Headquarters: Seattle
Number of impacted employees: At least 1,450
Layoff dates: January, June, November

The brokerage eliminated 121 of its 250 mortgage lending positions in January when it bought Corte Madera, California-based lender Bay Equity Home Loans for $135 million. Five months later, Redfin said it would cut 470 employees at the cost of up to $10.5 million, as the company’s share price per share sunk to $8 from a high of $97 last year.

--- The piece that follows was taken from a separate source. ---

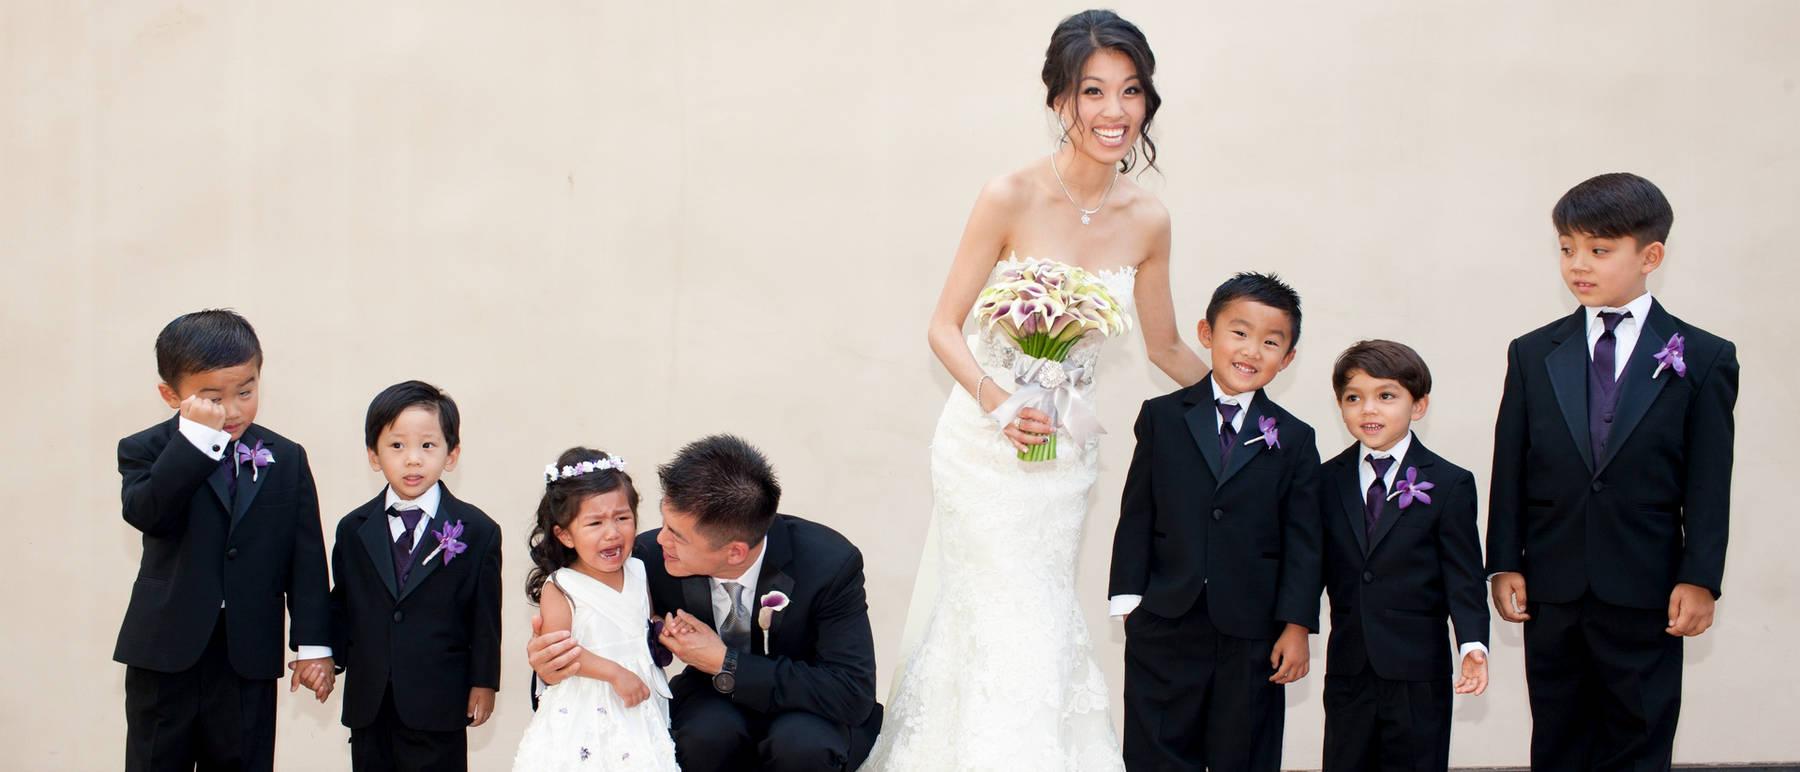 johnandjoseph-wedding-photographer-hz-slider-305

In November, the brokerage cut 13% of its staff, or approximately 860 employees, as it announced it was shuttering its iBuying business.

Zillow

Headquarters: Seattle
Number of impacted employees: 195
Layoff date: Ongoing

The firm with marketing and origination arms has cut employees this year in Washington, Colorado, Florida and Texas, according to WARN reports. It’s unclear which of the impacted employees are part of its iBuyer implosion last year. The segment lost more than $380 million in Q3 2021.

SERVICERS

LoanCare

Headquarters: Virginia Beach, Virginia
Number of impacted employees: Undisclosed
Layoff date: June 17

The subservicer trimmed from its nearly 1,000-worker payroll, citing a reduced need to help borrowers distressed by the pandemic. Loans in forbearance represented 0.85% of servers’ portfolio volume at the end of May, down from 0.94% in April, according to the Mortgage Bankers Association.

RoundPoint

Headquarters: Charlotte, North Carolina
Number of impacted employees: 74
Layoff Date: Oct. 27

Freedom Mortgage sold the servicer in early August to Matrix Financial Services, a subsidiary of real estate investment trust Two Harbors Investment. RoundPoint will also sell its small retail originations business prior to the deal's closing.